US Toll-Free: (877) 621-5803
Spain Toll-Free: 900971520
Barcelona Local: 0934923253
International: (470) 495-9491
Conference ID: 8295336
ABOUT MIRVETUXIMAB SORAVTANSINE
Mirvetuximab soravtansine (IMGN853) is the first folate receptor alpha (FRα)-targeting ADC. It uses a humanized FRα-binding antibody to target the ADC specifically to FRα-expressing cancer cells and a potent anti-tumor agent, DM4, to kill the targeted cancer cells.
ABOUT FORWARD I
FORWARD I is a Phase 3 trial in which 366 patients were randomized 2:1 to receive either mirvetuximab soravtansine or the physician's choice of single-agent chemotherapy (pegylated liposomal doxorubicin, topotecan, or weekly paclitaxel). Eligible patients were diagnosed with platinum-resistant ovarian cancer that expresses medium or high levels of folate receptor alpha (FRα) and were treated with up to three prior regimens. The primary endpoint of this study was progression free survival (PFS), which was assessed in the entire study population and in the subset of patients with high FRα expression. ImmunoGen estimates that 12,000-14,000 patients per year in the U.S. meet these criteria, with a comparable number in the major markets in Europe.
ImmunoGen partnered with the GOG Foundation Inc., a leader in clinical research in gynecologic malignancies, on FORWARD I, which was conducted in North America and Europe.
ImmunoGen is developing the next generation of antibody-drug conjugates (ADCs) to improve outcomes for cancer patients. By generating targeted therapies with enhanced anti-tumor activity and favorable tolerability profiles, we aim to disrupt the progression of cancer and offer our patients more good days. We call this our commitment to “target a better now.”
Learn more about who we are, what we do, and how we do it at www.immunogen.com.
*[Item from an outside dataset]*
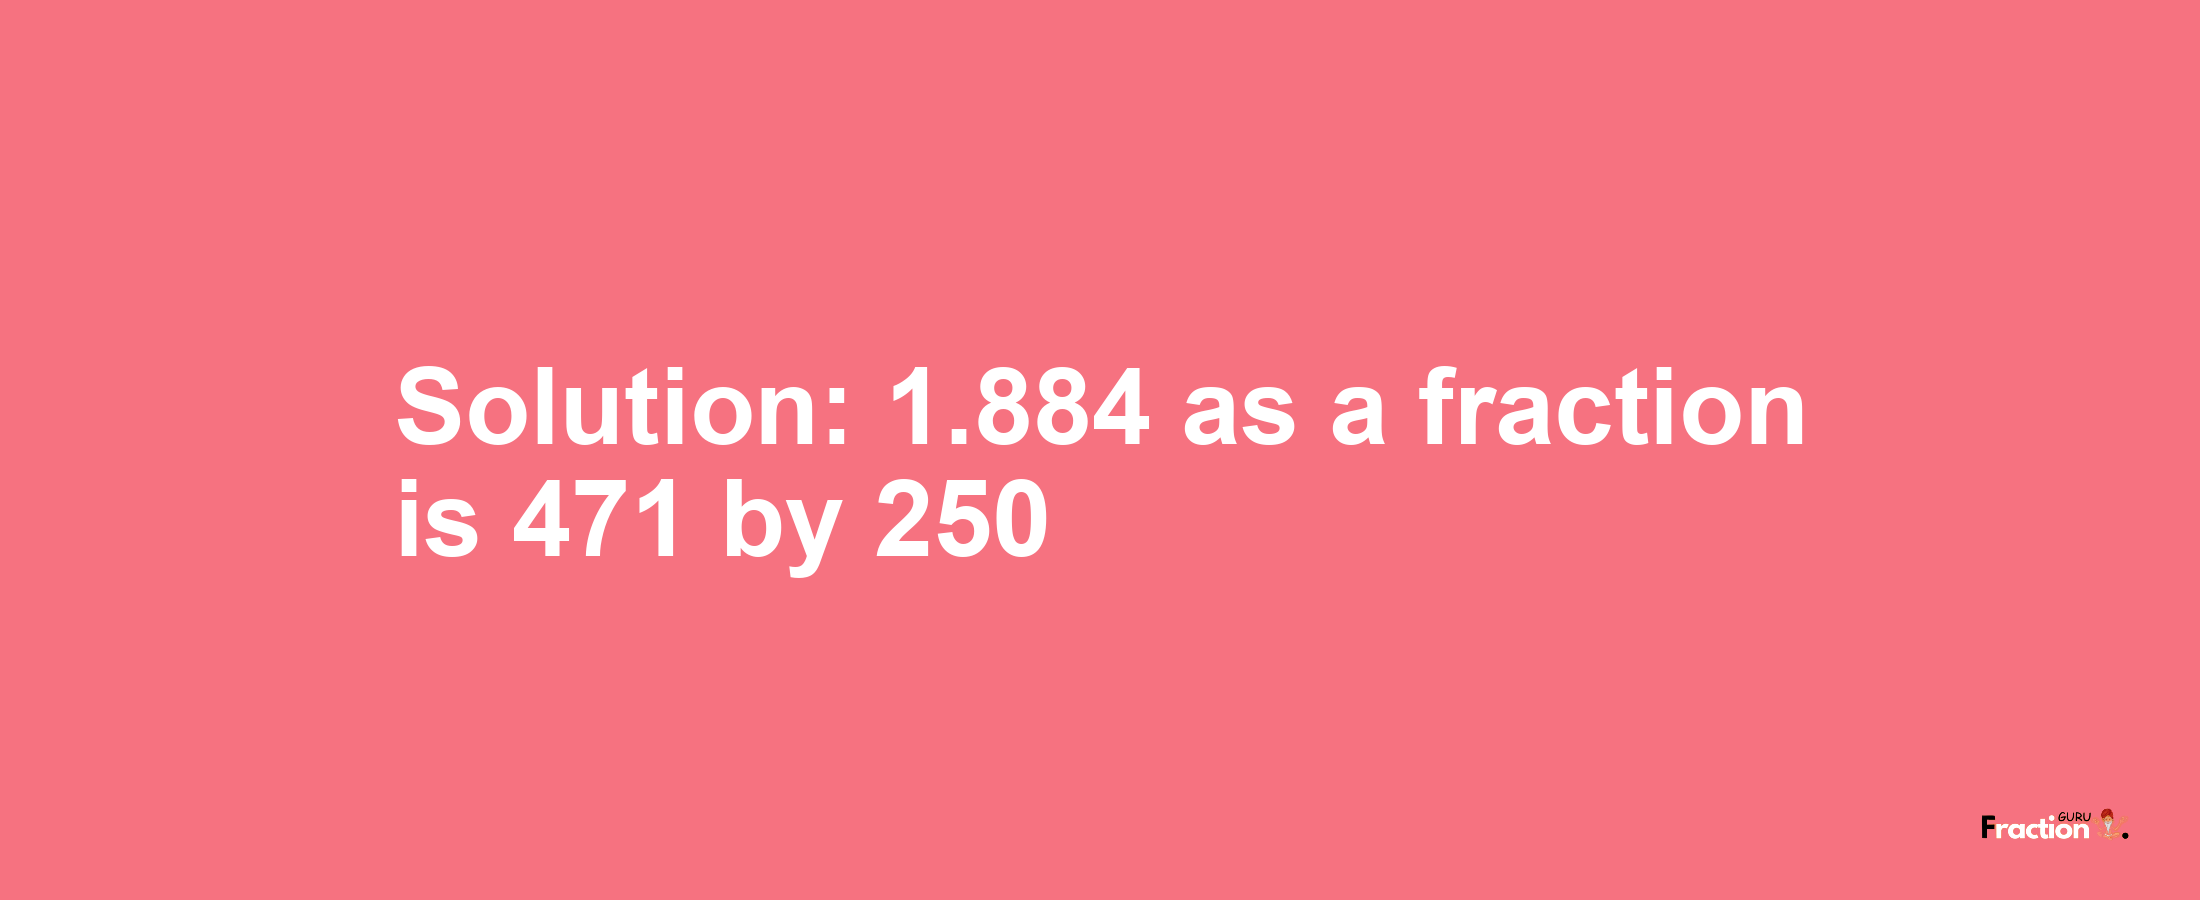 Solution:1.884 as a fraction is 471/250
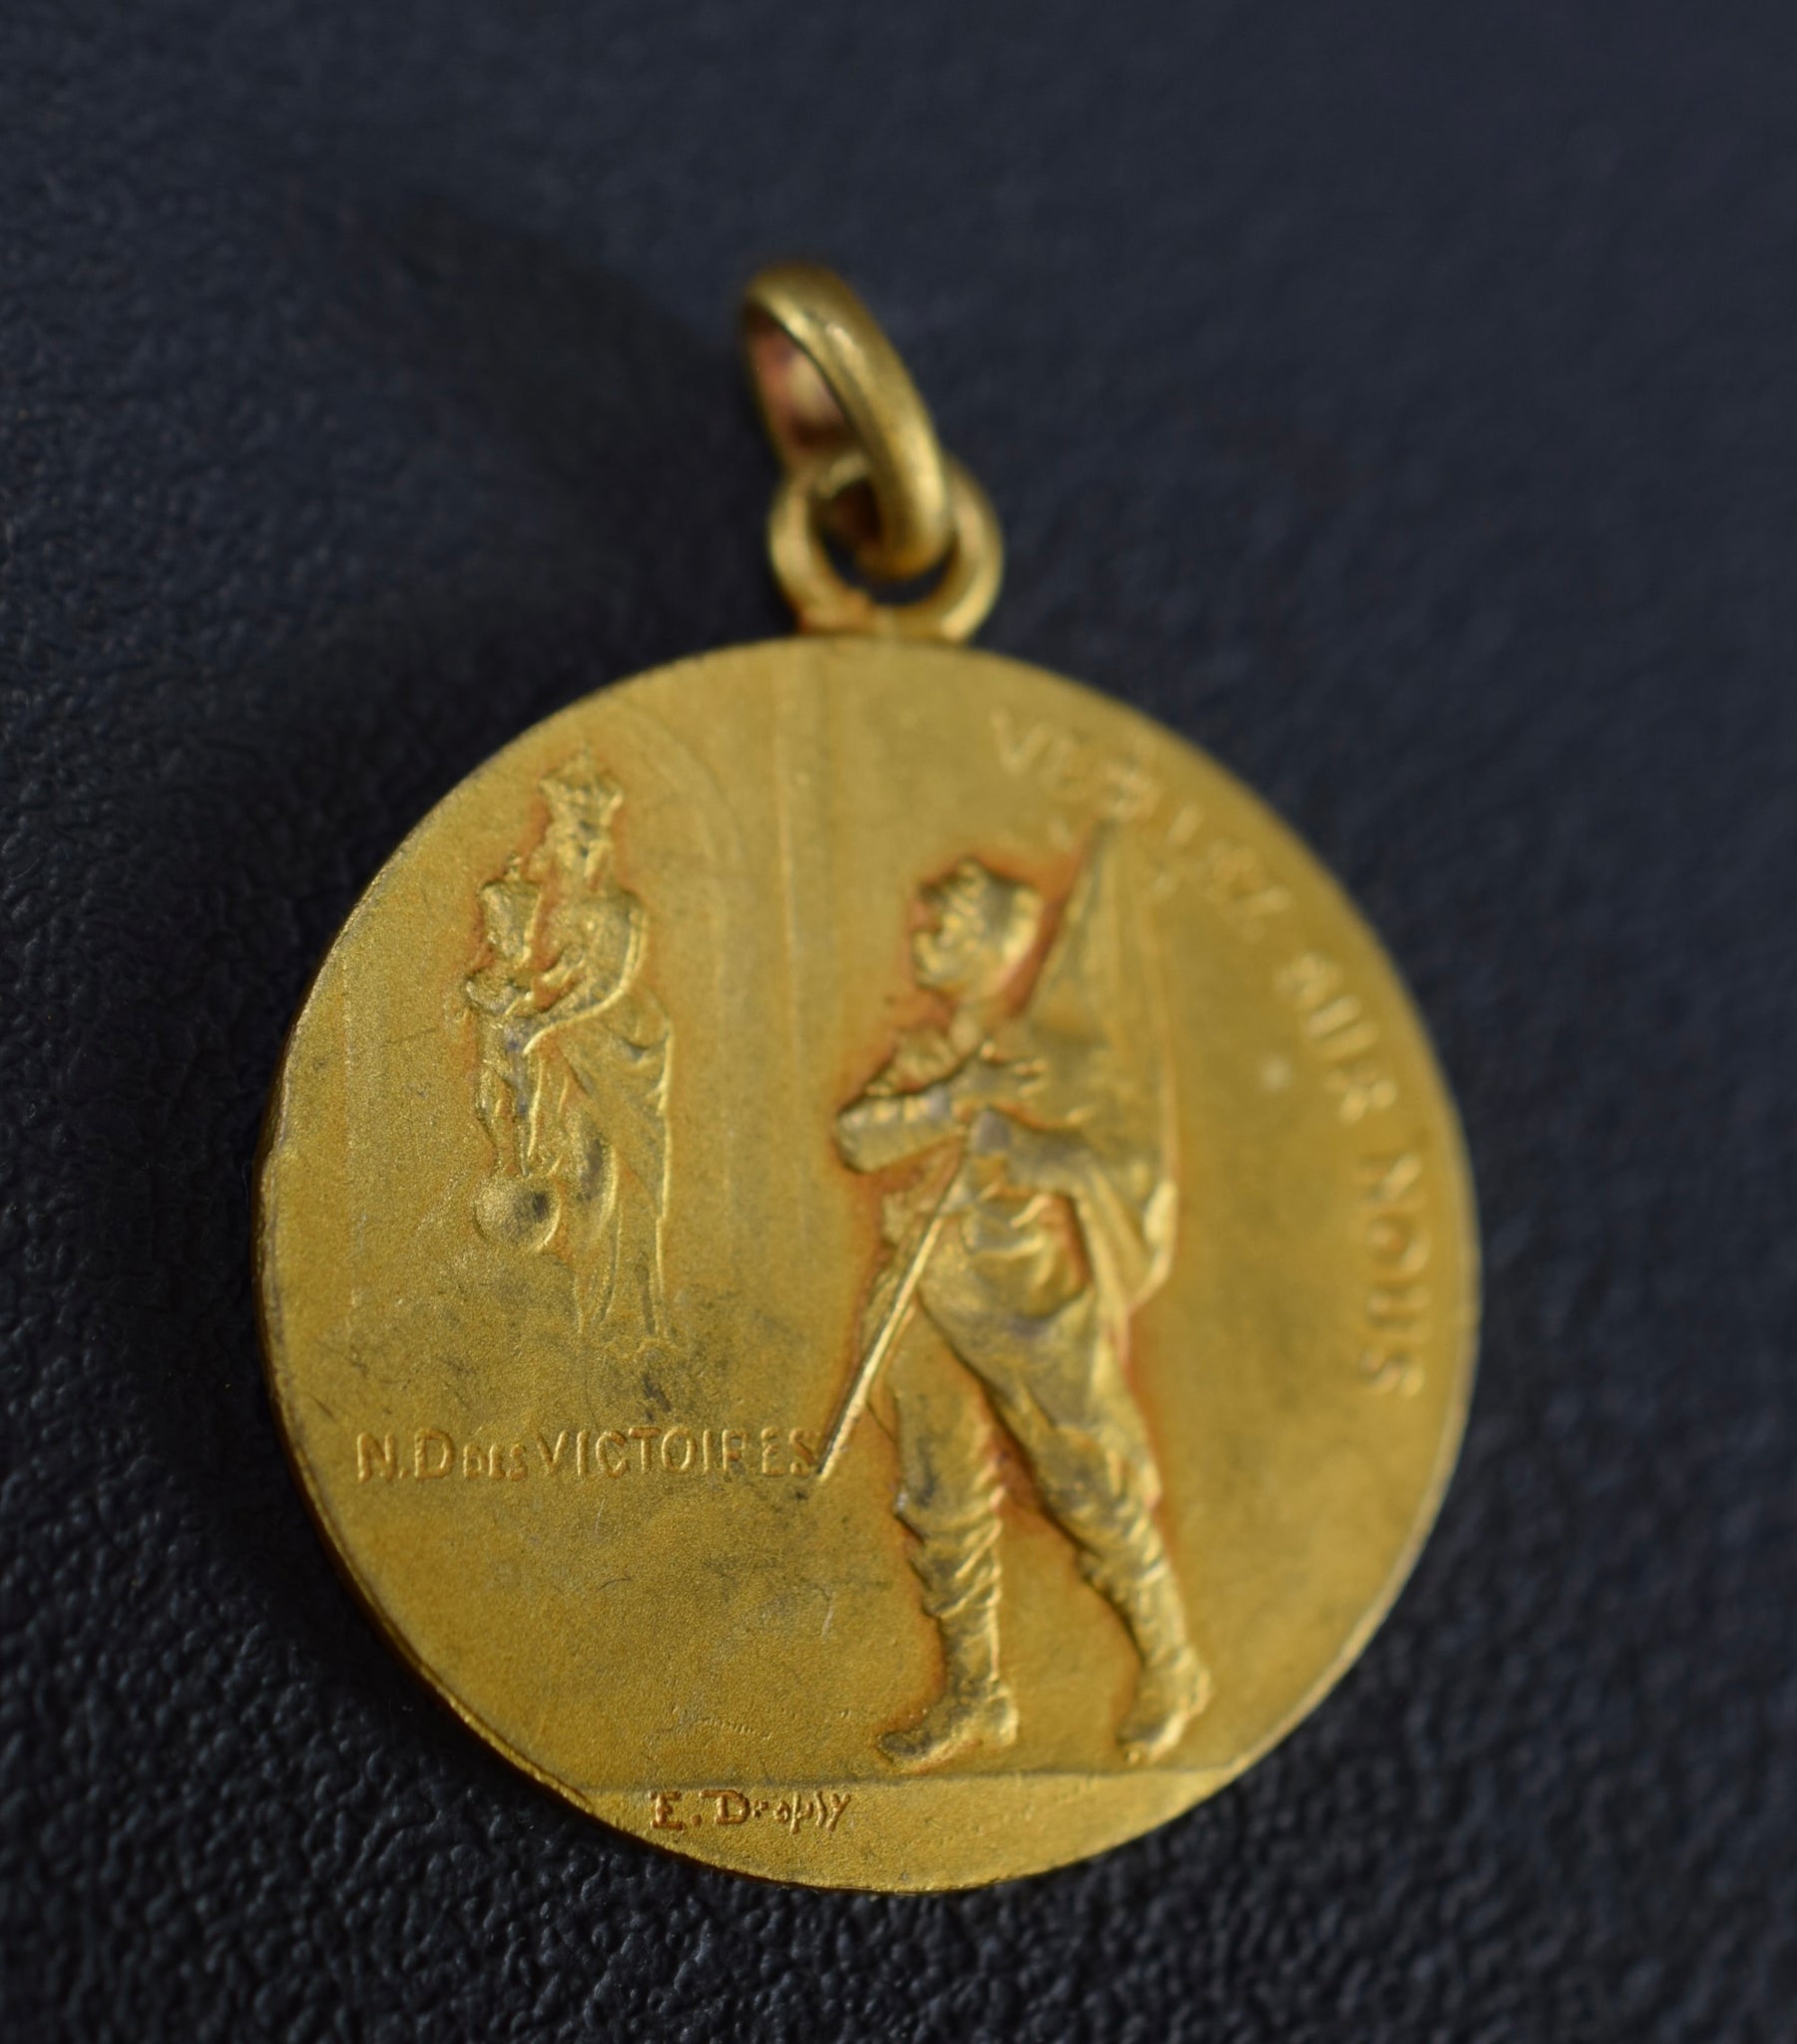 Our Lady of Victory Medal WWI Gold Pendant by Emile Dropsy

This press release includes forward-looking statements regarding ImmunoGen’s expectations related to: the design and potential success of ImmunoGen’s future mirvetuximab soravtansine studies and regulatory pathway, including the timing of initiating and receiving data from, as well as the likelihood of success of, the planned registration study of mirvetuximab. For these statements, ImmunoGen claims the protection of the safe harbor for forward-looking statements provided by the Private Securities Litigation Reform Act of 1995. Various factors could cause ImmunoGen’s actual results to differ materially from those discussed or implied in the forward-looking statements, and you are cautioned not to place undue reliance on these forward-looking statements, which are current only as of the date of this release. Factors that could cause future results to differ materially from such expectations include, but are not limited to: the timing and results of communications with FDA, risks and uncertainties related to the execution of the restructuring of the Company’s operations, the Company’s ability to control future spending and obtain additional funds to enable it to fund its continuing operations through the release of top-line results from the planned mirvetuximab pivotal study, the possibility that future studies fail to replicate the data indicated in the exploratory analyses of the FORWARD 1 data, and the risks and uncertainties inherent in the Company’s development programs, including clinical studies and regulatory processes, their timings and results. A review of these risks can be found under the heading “Risk Factors” in ImmunoGen’s Annual Report on Form 10-K for the year ended December 31, 2018 and subsequent documents filed with the Securities and Exchange Commission.